Governance of the surplus is this book's framing of the institutional challenge the second cognitive surplus presents. Abundance requires governance: any system producing at scale requires mechanisms for quality assurance, conflict resolution, responsibility assignment, and protection of the people who depend on the system's outputs. The absence of governance does not produce freedom; it produces the conditions under which the powerful benefit at the expense of the vulnerable. The romantics of the early internet believed otherwise, arguing that the medium was inherently ungovernable. They were wrong, and the evidence of their wrongness was Wikipedia, whose governance — policies on neutrality and verifiability, dispute resolution mechanisms, elected administrators, cascading community authority — was not a restriction on contribution but the condition that made productive contribution at scale possible. The same structural logic applies to the second surplus, with substantially higher stakes because the artifacts being produced are functional software whose failure modes can cause real harm.
The governance challenge has four dimensions requiring distinct but interconnected responses. Quality standards: what minimum quality AI-created software should meet before being shared broadly, with context-appropriate tiers ranging from personal utilities (no external standard) to tools in safety-critical contexts (approaching professional software standards). Liability: who bears responsibility when an AI-created tool malfunctions, given that creation distributes agency across the human creator, the AI model, the platform hosting the tool, and the company operating the model — a distribution existing liability frameworks are poorly equipped to handle. Intellectual property: how to assign credit and compensation given that AI models are trained on vast corpora whose creators have generally not consented to the training and are not compensated for it. Platform governance: the decisions platform operators make about what to highlight, what to restrict, and what to commoditize exercise decisive but largely invisible influence over the surplus's deployment.

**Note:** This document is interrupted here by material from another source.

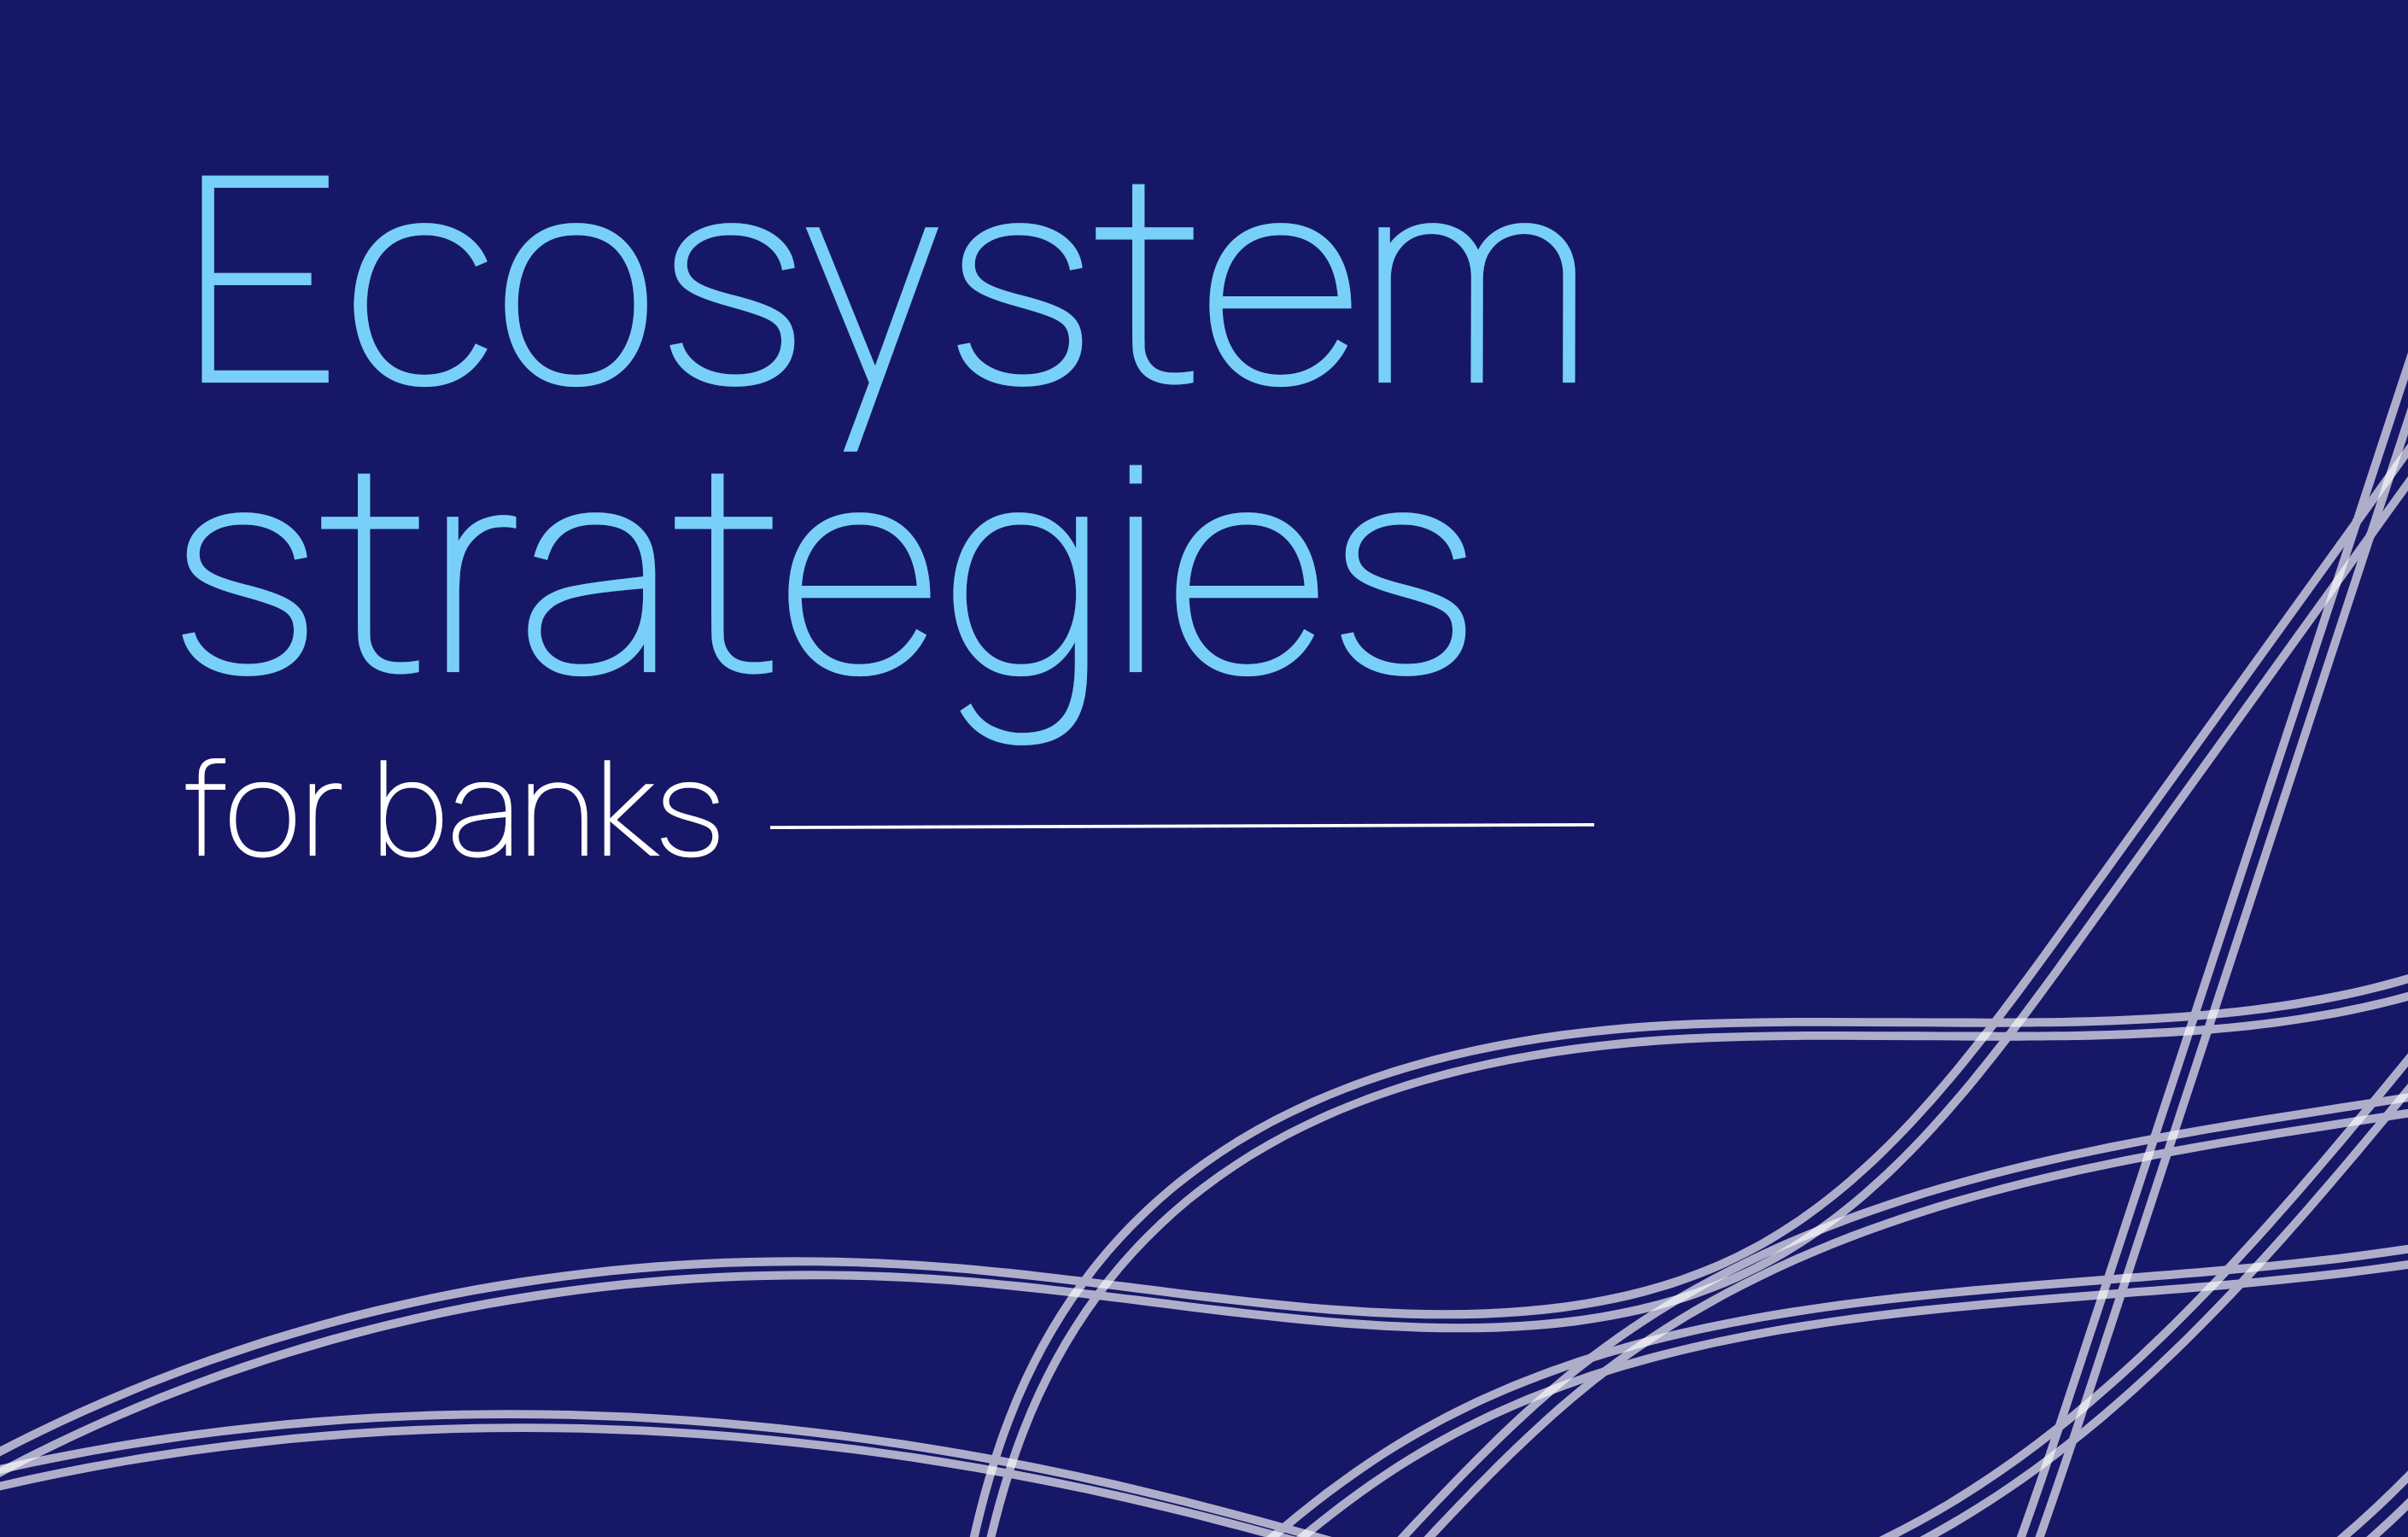 The power of ecosystem strategies for banks

The ascending friction thesis applies to governance itself. The friction should ascend from restricting creation, which is counterproductive and impractical at the scale of billions of potential creators, to evaluating creation, which is essential. Governance that restricts who can create will suppress the surplus and forfeit its value. Governance that evaluates what has been created — providing quality assurance, liability frameworks, intellectual property protections, and platform accountability — channels the surplus toward collective value without suppressing the creative energy that produces it.
The instinct of regulators, trained in a world where production was concentrated in identifiable firms, is to regulate the producer. When production is distributed across millions of individual creators, regulating the producer is impractical and counterproductive. The alternative is to regulate the infrastructure — the platforms through which creations are shared, discovered, and used — and to design platform governance that maintains quality, assigns responsibility, and protects users without restricting creative freedom. This shift from producer regulation to infrastructure regulation is probably the most consequential governance reorientation the AI transition requires.
The Shirky Principle predicts that existing regulatory institutions, designed for professional production, will attempt to extend their frameworks to distributed creation. Partial extension is appropriate; wholesale extension will be counterproductive. The institutions that govern the second surplus effectively will be those that recognize the structural difference between concentrated professional production and distributed non-professional creation, and that design accordingly rather than forcing the new landscape into regulatory categories built for the old one.
The framework develops across Shirky's work on institutional adaptation since 2008, extended in this book to the specific challenges AI-enabled creation poses. The underlying observation — that governance is a prerequisite for productive abundance rather than an impediment to it — has been a consistent theme of Shirky's analysis since Here Comes Everybody.
Governance enables, not restricts. Productive abundance requires governance; Wikipedia's governance made contribution possible rather than constraining it.
The four dimensions. Quality standards, liability, intellectual property, and platform governance are distinct problems requiring coordinated responses.
Ascending governance. Governance friction should ascend from restricting creation to evaluating creation; the former is counterproductive at scale, the latter is essential.
Infrastructure over producer regulation. Regulating millions of individual creators is impractical; regulating the platforms they use is tractable.
The distributed agency problem. Responsibility in AI-enabled creation does not map cleanly onto existing legal frameworks designed for identifiable producers.